Stefan Hammer’s travels through China have produced an incisive look at urban life there – in photographs taken predominantly in Shanghai, Beijing, Suzhou, Tianjin and Hong Kong. He is drawn in equal measure to the ultramodern, hugely capitalist quarters of booming megacities and to neighbourhoods that are in danger of being torn down. How well are the Chinese doing at finding their own identity, one that is permanently marked by the old propaganda and defined by the panacea promised by consumerism?
His images resist all forms of oversimplified ideologisation. Rather, they raise confusing questions that throw our stereotypes into disarray and challenge the observer to read every last detail in the photographs. A deep scepticism towards major world views is tangible in this complex structure made up of everyday fragments. The human likeness is a common theme that runs throughout the series.

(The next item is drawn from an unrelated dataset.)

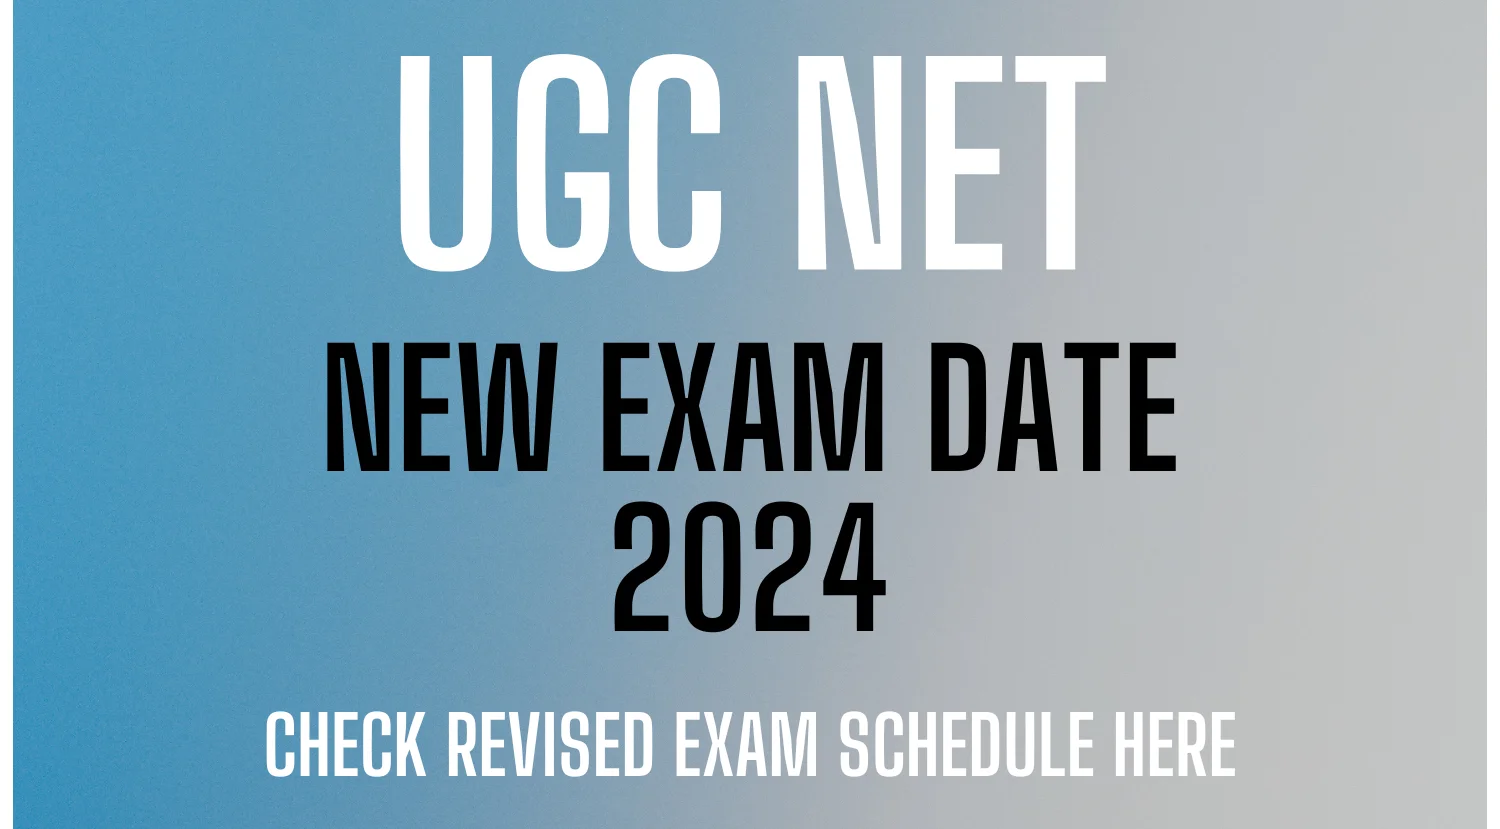 UGC NET New Exam date 2024 - Check Revised Exam Schedule Here
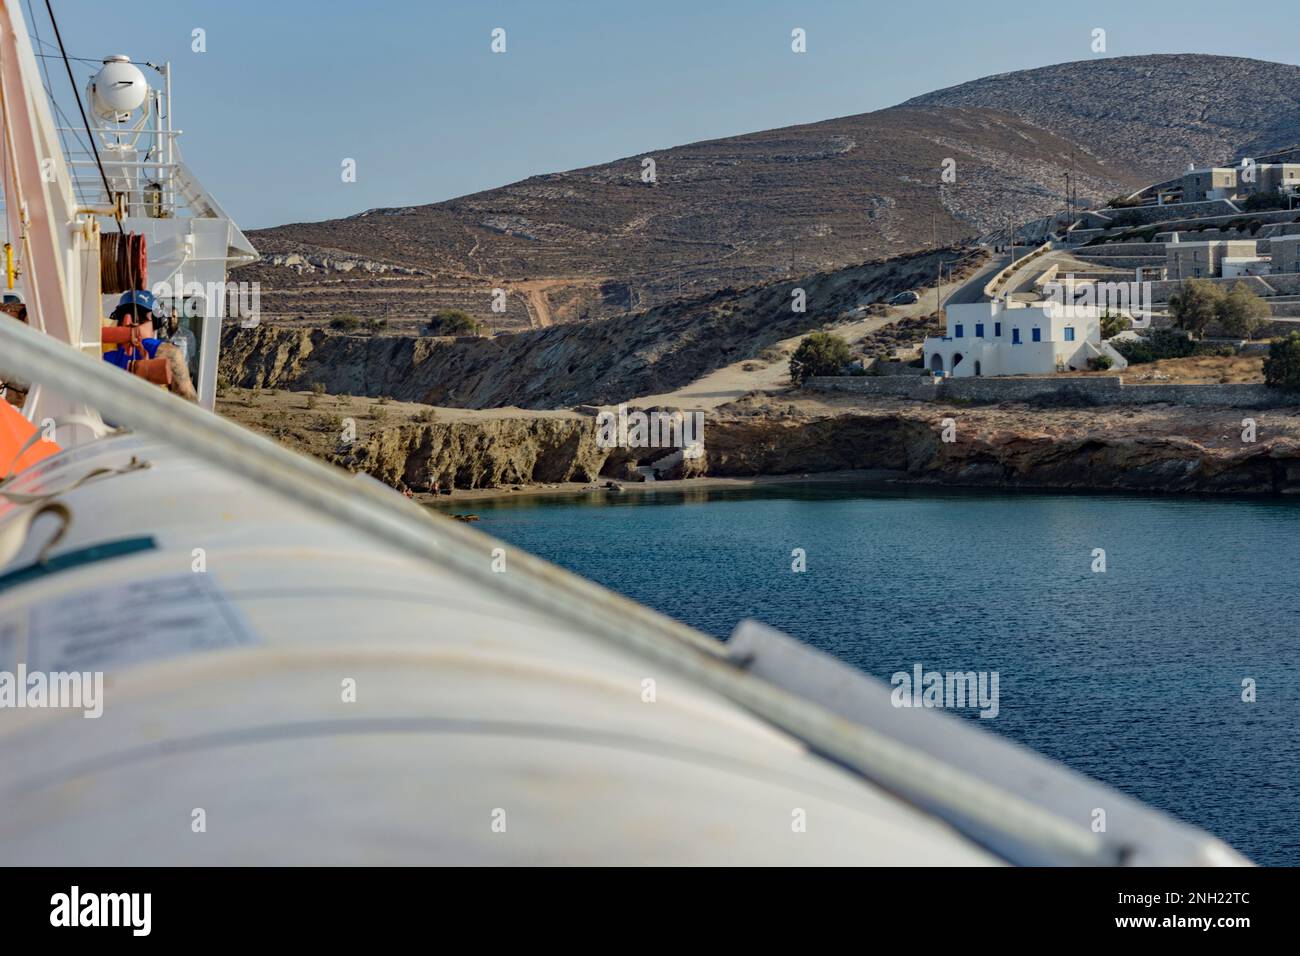 Folegandros island coasts seen from the ferry Stock Photo

Stefan Hammer develops an image of these Chinese megacities that is made up of fragmented details and omits representative overviews. Observers are challenged to imagine what life is like there. Hammer’s skilful juxtaposition of order and chaos, colourfulness and drabness, clarity and mystery arouses a roller coaster of conflicting emotions. We think we have understood something of contemporary China, yet in the next instant we must abandon this belief. The great quality of this work lies in its ability to provide insight without spoiling the underlying mystery.